Excerpts from the Art in America article “The Perils of Post-Internet Art,” by Brian Droitcour:

Photo from DIS’s online project “Competing Images: Art vs. People,” 2012.

Most people I know think “Post-Internet” is embarrassing to say out loud. But so is most of the language that’s used to write about contemporary art, and “Post-Internet” does the job of artspeak so efficiently that people keep saying it, embarrassment be damned. The “Post-” part conjures an aura of historical significance, the mantle of the avant-garde; “Internet” supplies social relevance. Together they lacquer art with an intellectual finish as thin as it is opaque.

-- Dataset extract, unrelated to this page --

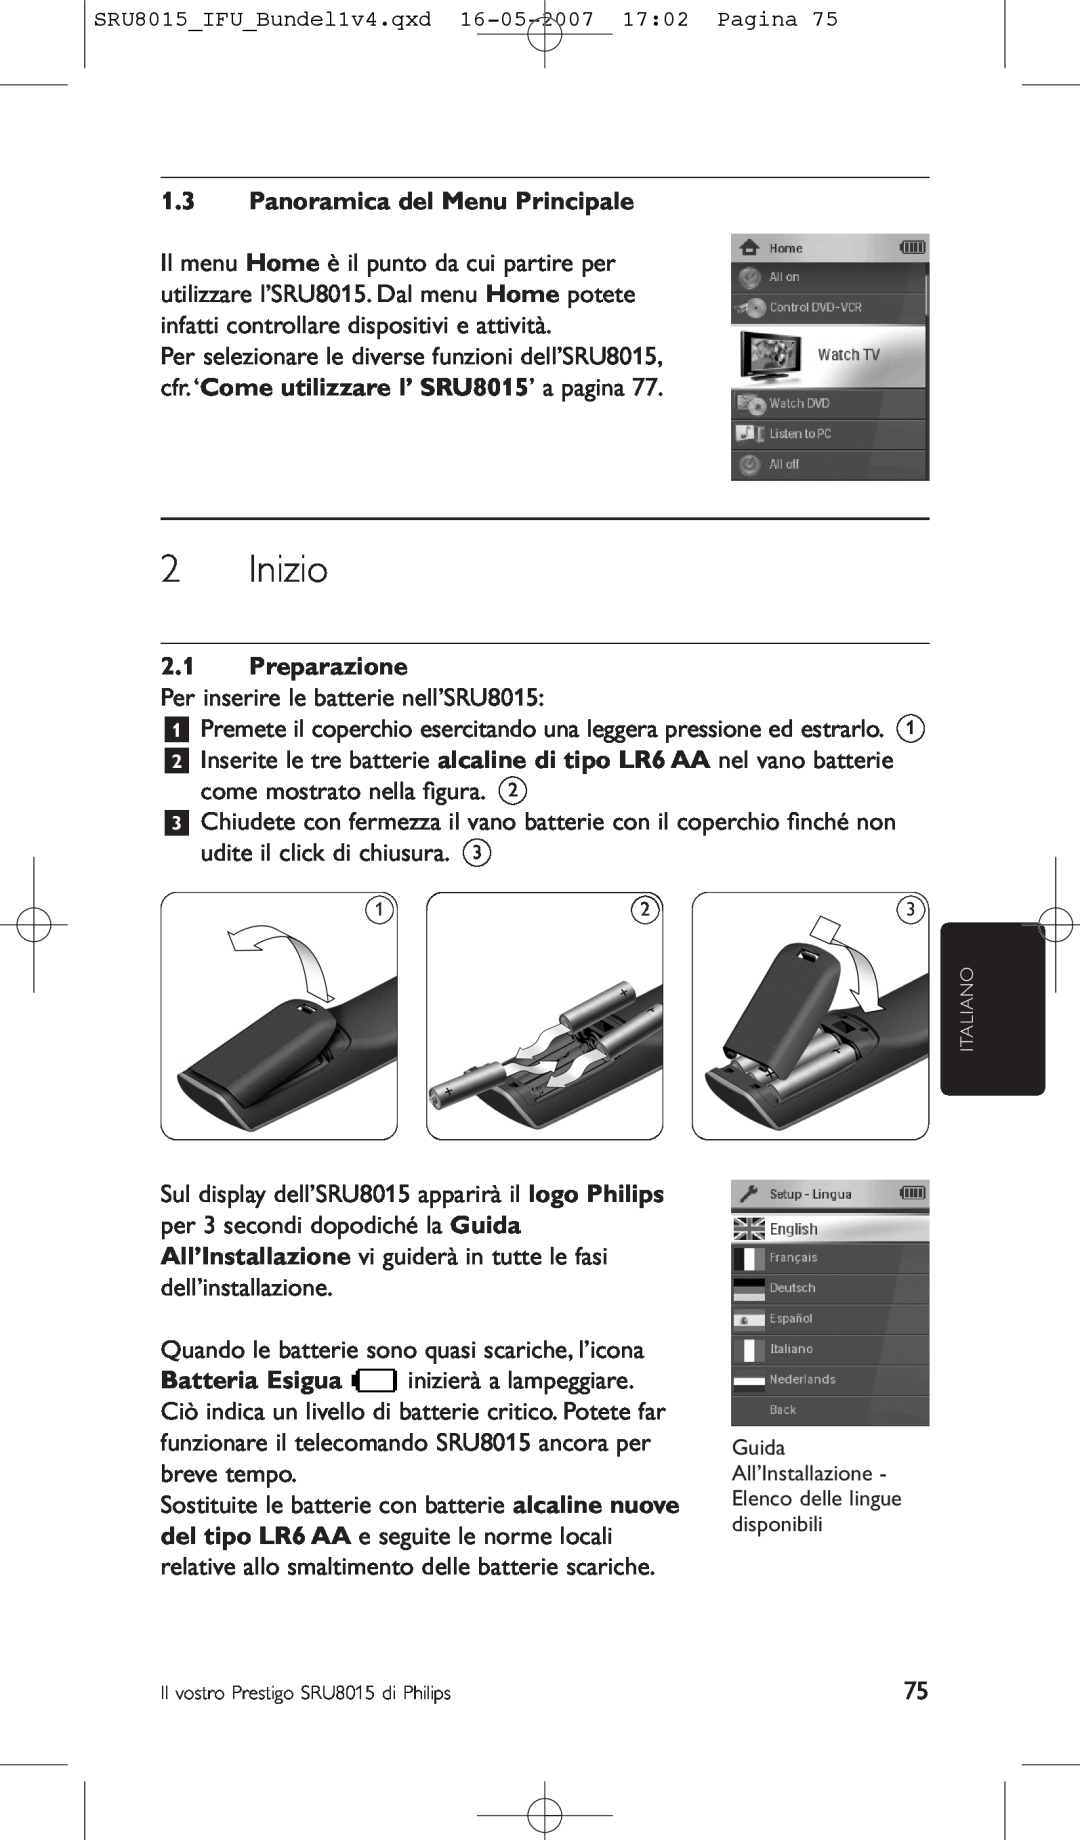 Philips SRU8015 manual Inizio, Panoramica del Menu Principale, Preparazione

The term has recently appeared in a variety of far-flung contexts: a talk at Frieze Art Fair, a forum at New York’s Museum of Modern Art, a panel at the College Art Association conference. Unlike “Neo-Expressionism” or “Neo-Geo,” “Post-Internet” avoids anything resembling a formal description of the work it refers to, alluding only to a hazy contemporary condition and the idea of art being made in the context of digital technology.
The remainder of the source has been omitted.